As with geom_braid_smooth()
,
geom_braid_contour()
can be applied to both regular and
irregular data, but with irregular data more care must be taken with the
smoothing widths and heights:
ggplot(glassSurface,aes(x=concA,y=concB))+
geom_braid_smooth(aes(fill=measure))+
geom_point(colour="black")+
geom_braid_contour(aes(z=measure),breaks=10*(1:9),colour="black",linetype=2)+
scale_x_log10("Drug A")+
scale_y_log10("Drug B")+
scale_fill_distiller("Effect",palette="RdYlBu")+
coord_equal()
ggplot(glassSurface,aes(x=concA,y=concB))+
geom_braid_smooth(aes(fill=measure,width=tilewidth,height=tileheight),space=2)+
geom_braid_contour(aes(z=measure,width=tilewidth,height=tileheight),space=2,
breaks=10*(1:9),colour="black",linetype=2)+
scale_x_log10("Drug A")+
scale_y_log10("Drug B")+
scale_fill_distiller("Effect",palette="RdYlBu")+
coord_equal()
It should also be noted that while we have plotted contours and smoothed surfaces together here, this is only to highlight their connection to the underlying interpolated data.
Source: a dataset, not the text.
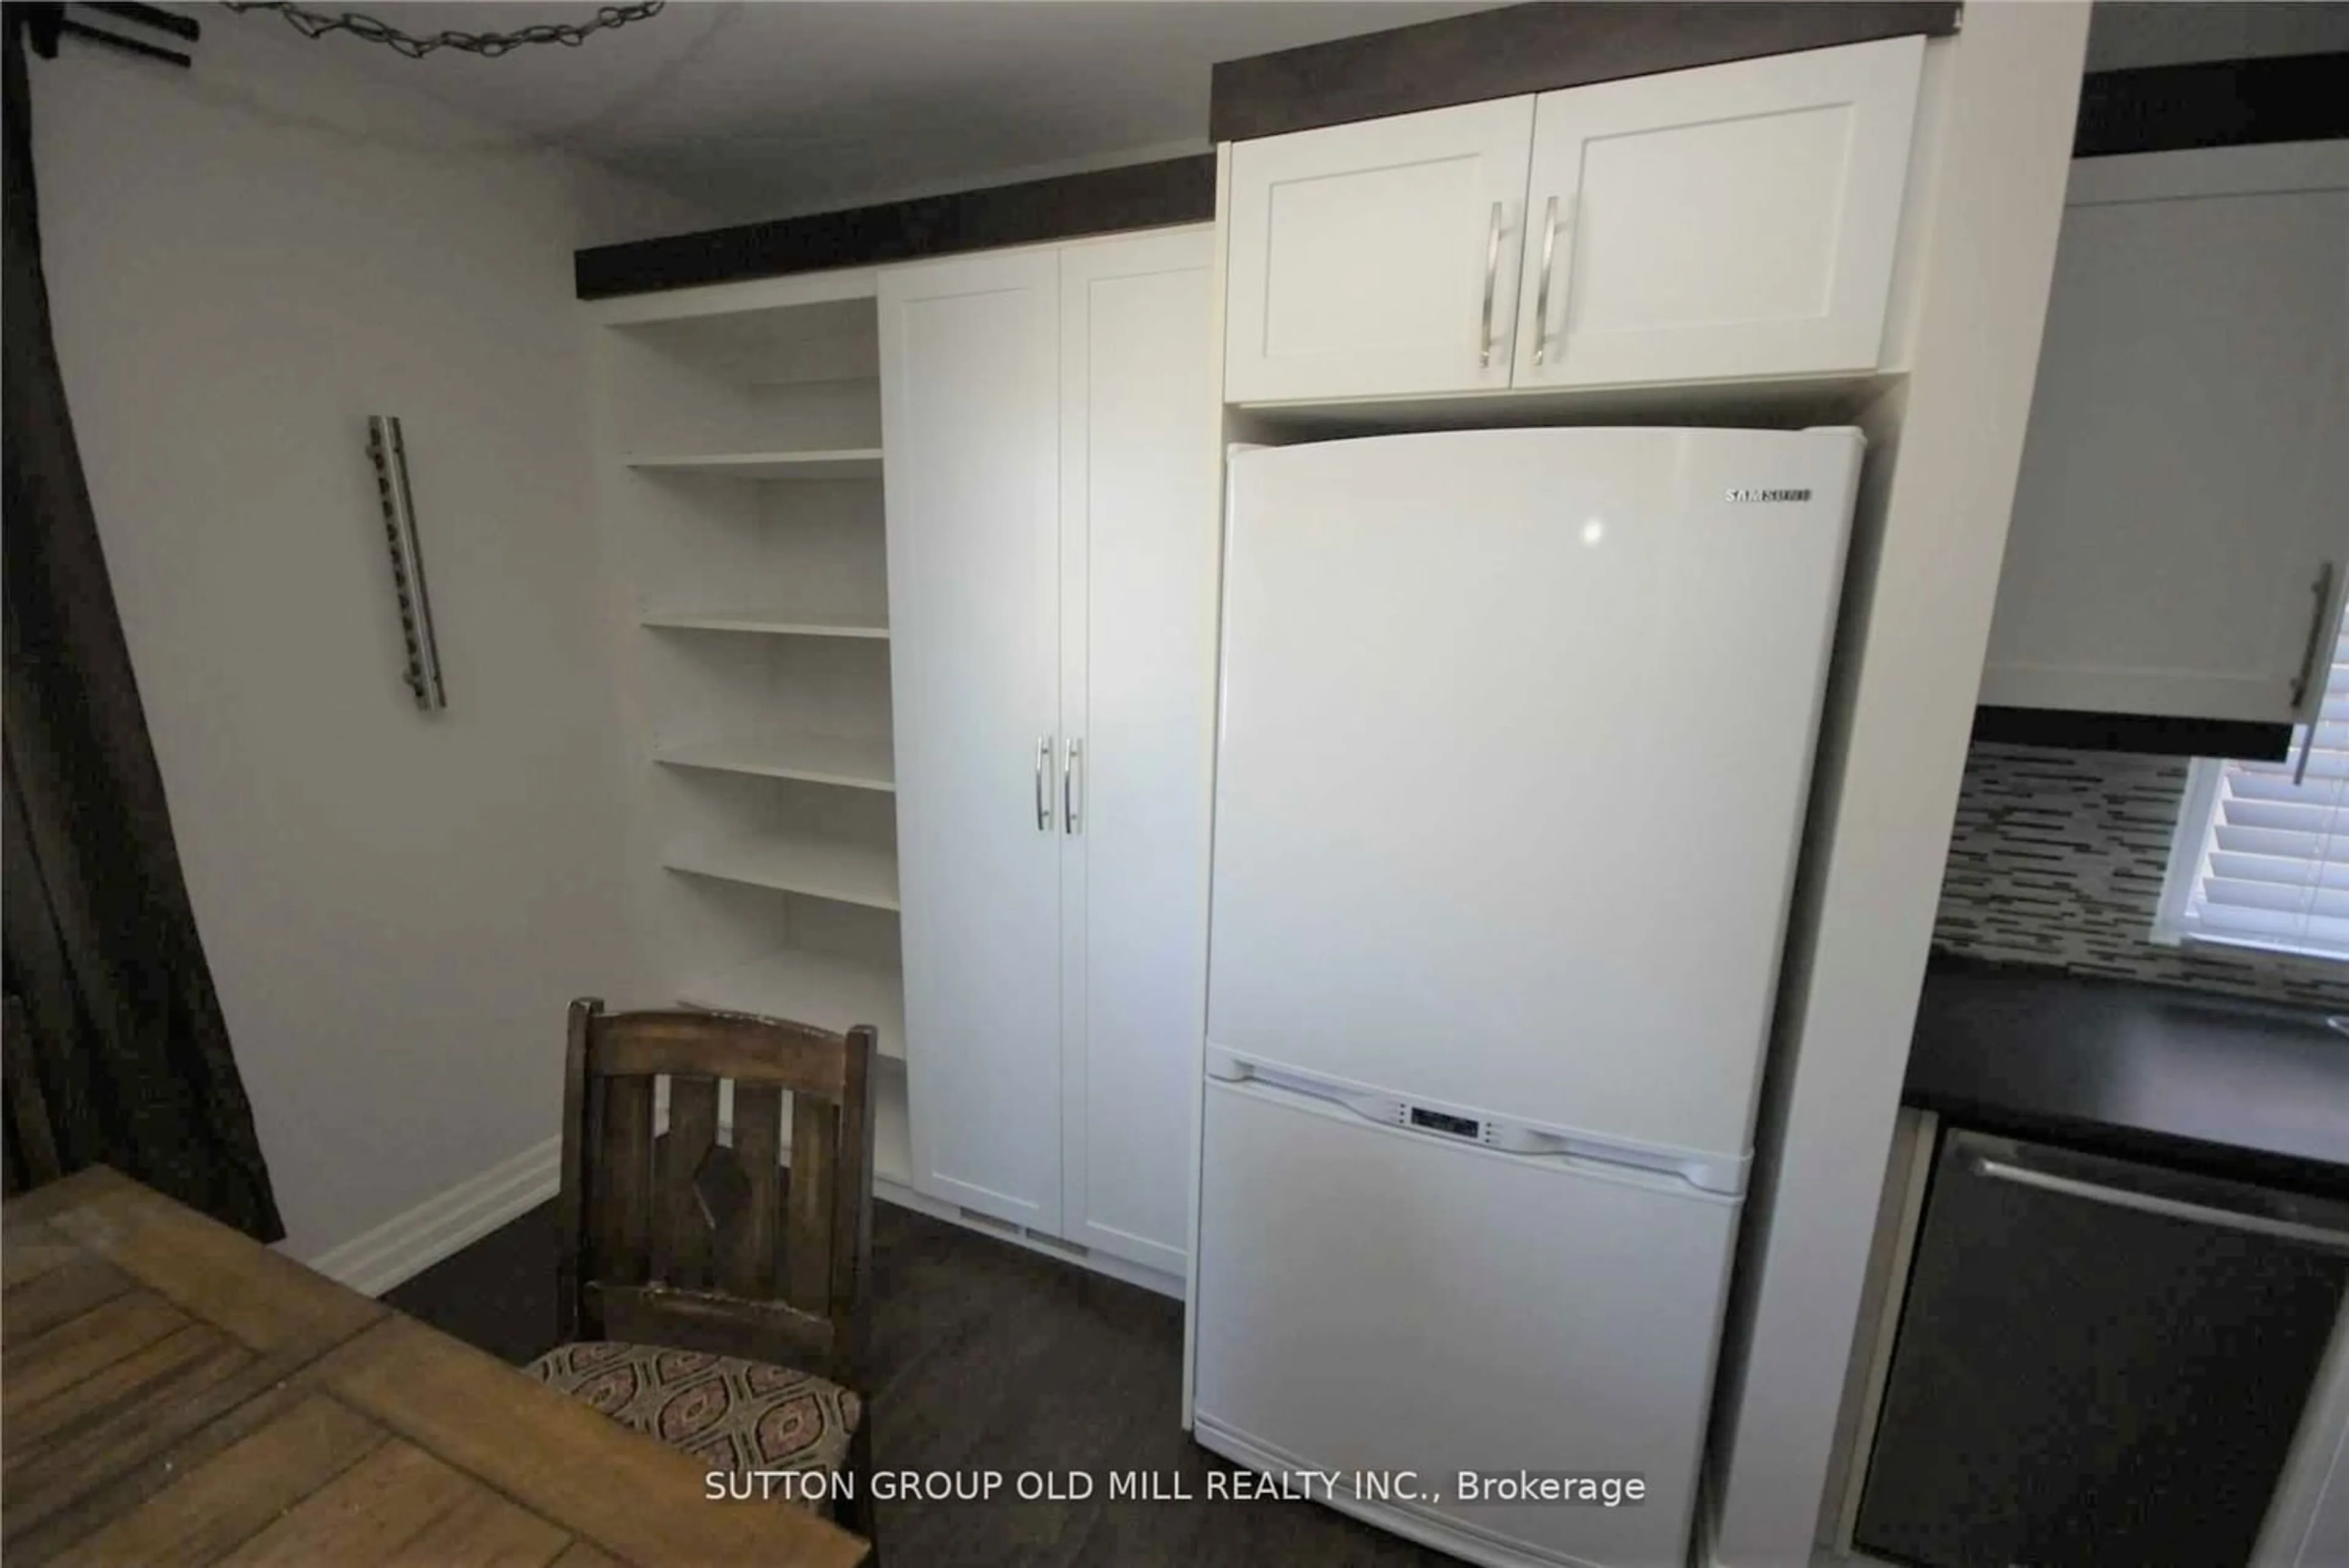 Storage room or clothes room or walk-in closet for 112 Stephen Dr, Toronto Ontario M8Y 3N3

BRAID contours can be plotted all on their own which can be quite effective at comparing the results of different surfaces:
surface$type <- "Synergy"
glassSurface$type <- "Antagonism"
allSurface <- rbind(surface,glassSurface)
allSurface$type <- factor(allSurface$type,c("Synergy","Antagonism"))
ggplot(allSurface,aes(x=concA,y=concB,colour=type))+
geom_point()+
geom_braid_contour(aes(z=measure,width=tilewidth,height=tileheight),
breaks=c(50,90), tight=TRUE)+
scale_x_log10()+
scale_y_log10()+
scale_color_brewer("Surface Type",palette="Set1")+
coord_equal()+
labs(x="Drug A",y="Drug B")
Astute ggplot2
observers will note that at several
points throughout this vignette, we have run standard
ggplot2
geoms such as geom_point()
on
logarithmically transformed data that result in infinite (transformed)
values. Ordinarily, this would produce a warning: and in reality, it
produces a warning here as well. We have suppressed warnings for this
vignette, because while the braid
,
braid_glass
, and braid_smooth
geoms all
explicitly handle such infinite transformed values, we have been unable
to find a way to suppress these built in warnings. The warnings result,
not when a stat is running, but before its functions are
handled, and as such are, for the time being, unavoidable. When running
a BRAID plotting function yourself, you will encounter these warnings as
well:
# With warnings enabled...
ggplot(surface,aes(x=concA,y=concB))+
geom_braid(aes(fill=measure))+
scale_x_log10()+
scale_y_log10()+
scale_fill_distiller(palette="RdYlBu")+
coord_equal()+
labs(x="Drug A",y="Drug B",fill="Effect")
#> Warning in scale_x_log10(): log-10 transformation introduced infinite values.
#> Warning in scale_y_log10(): log-10 transformation introduced infinite values.
While we feel that it is an unfortunate reality, we hope that this is a small enough inconvenience that the overall versatility and expressiveness of the BRAID plotting function outweighs it.